* INFORMATION PROVIDED:
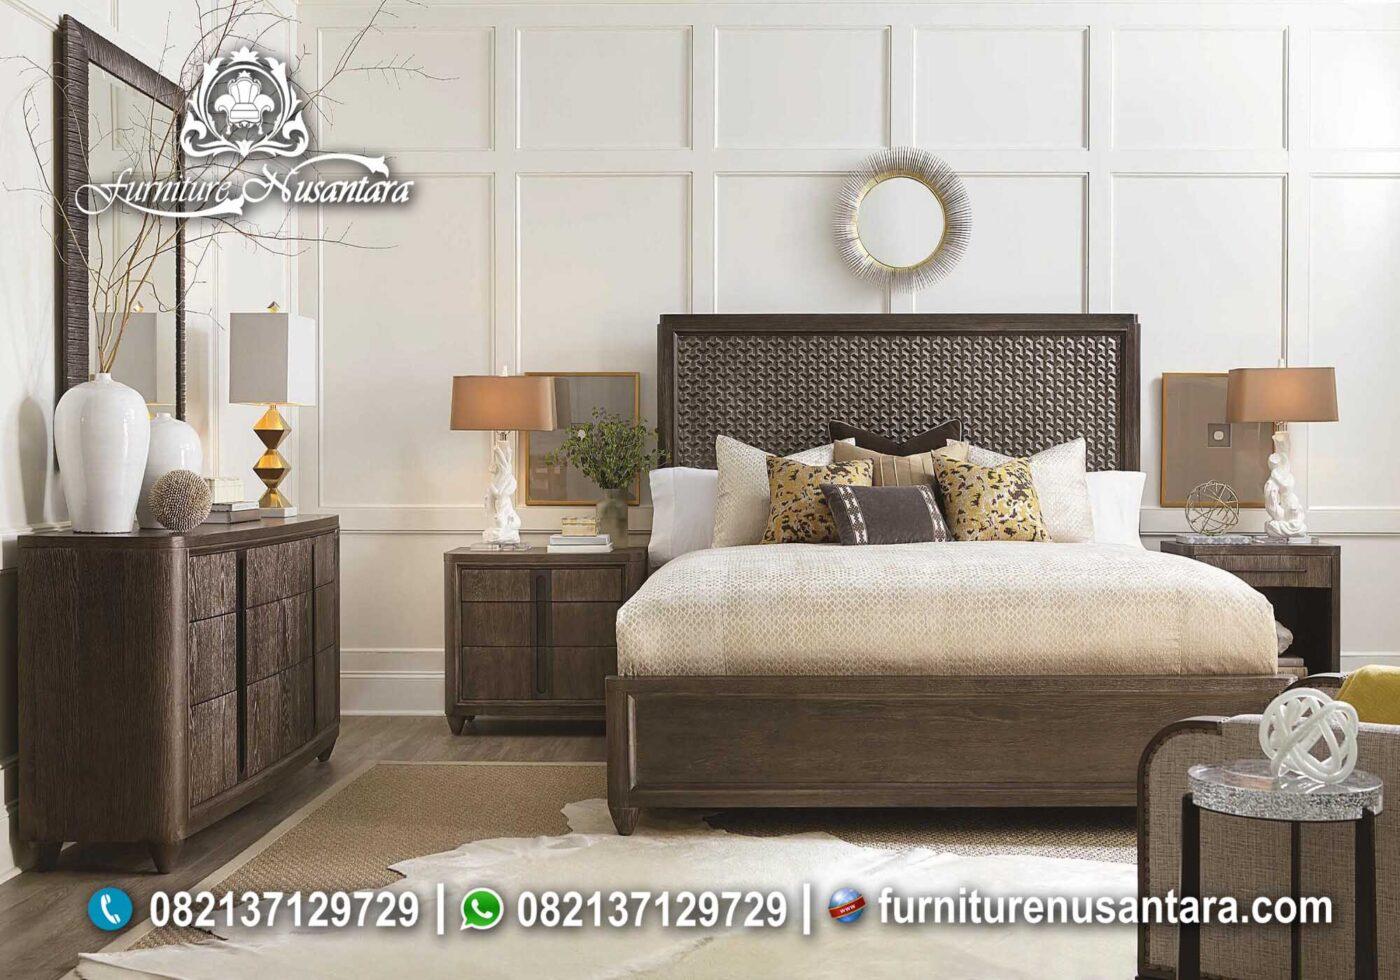 Jual Tempat Tidur Jati Murah KS-58, Furniture Nusantara
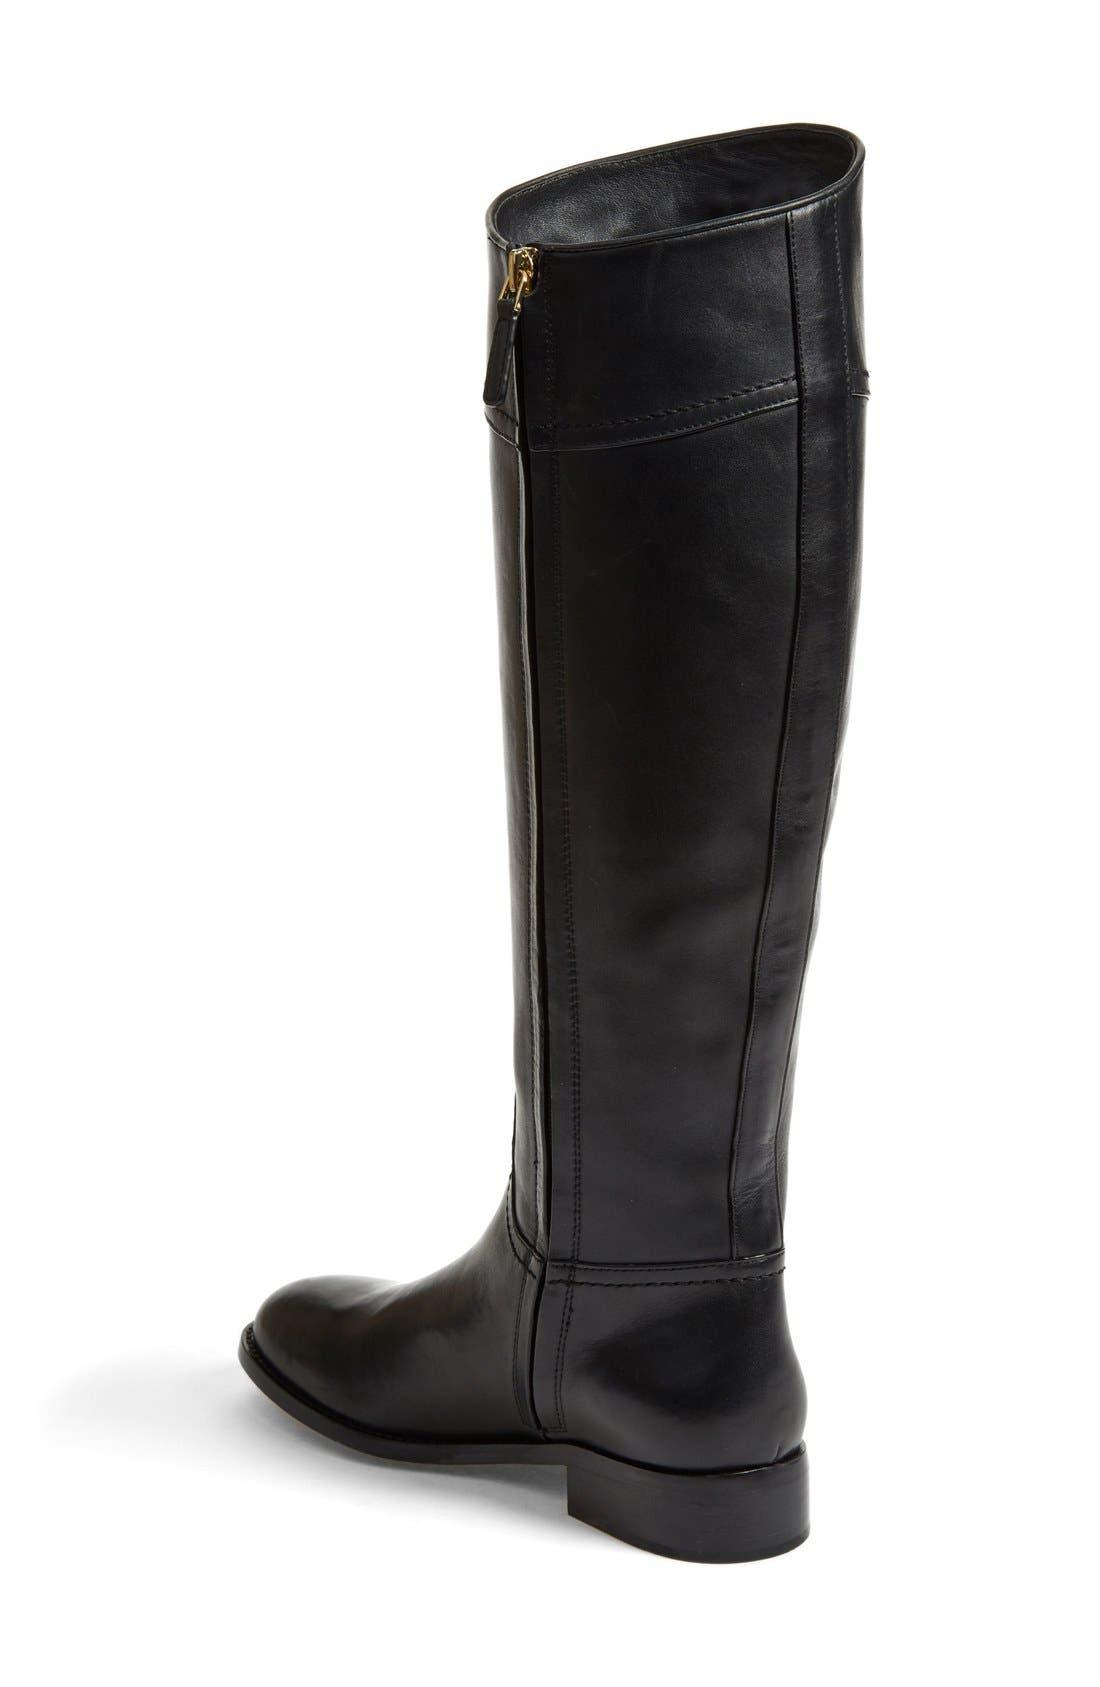 Alternate Image 2  - Tory Burch 'Ashlynn' Wide Calf Riding Boot (Women)
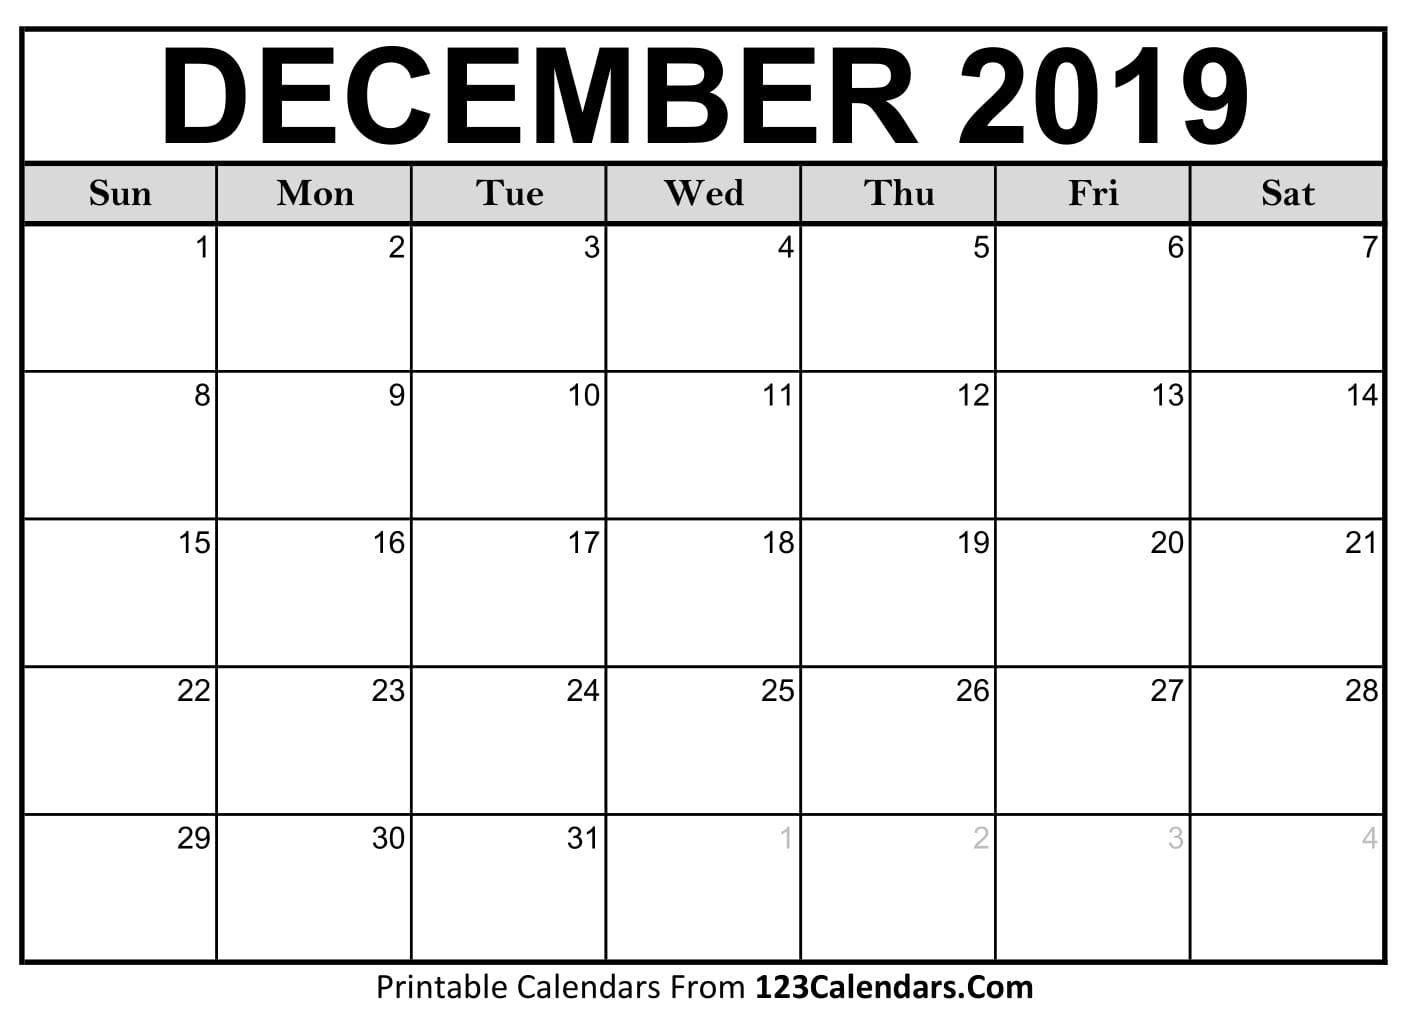 December 2019 Printable Calendar | 123Calendars pertaining to Blank December Calendar Printable

* EXERCISE GOAL:
The answer should contain all the material above, copied exactly, and no images.

* TASK RESULT:
 Jual Tempat Tidur Jati Murah KS-58, Furniture Nusantara
 Alternate Image 2  - Tory Burch 'Ashlynn' Wide Calf Riding Boot (Women)
 December 2019 Printable Calendar | 123Calendars pertaining to Blank December Calendar Printable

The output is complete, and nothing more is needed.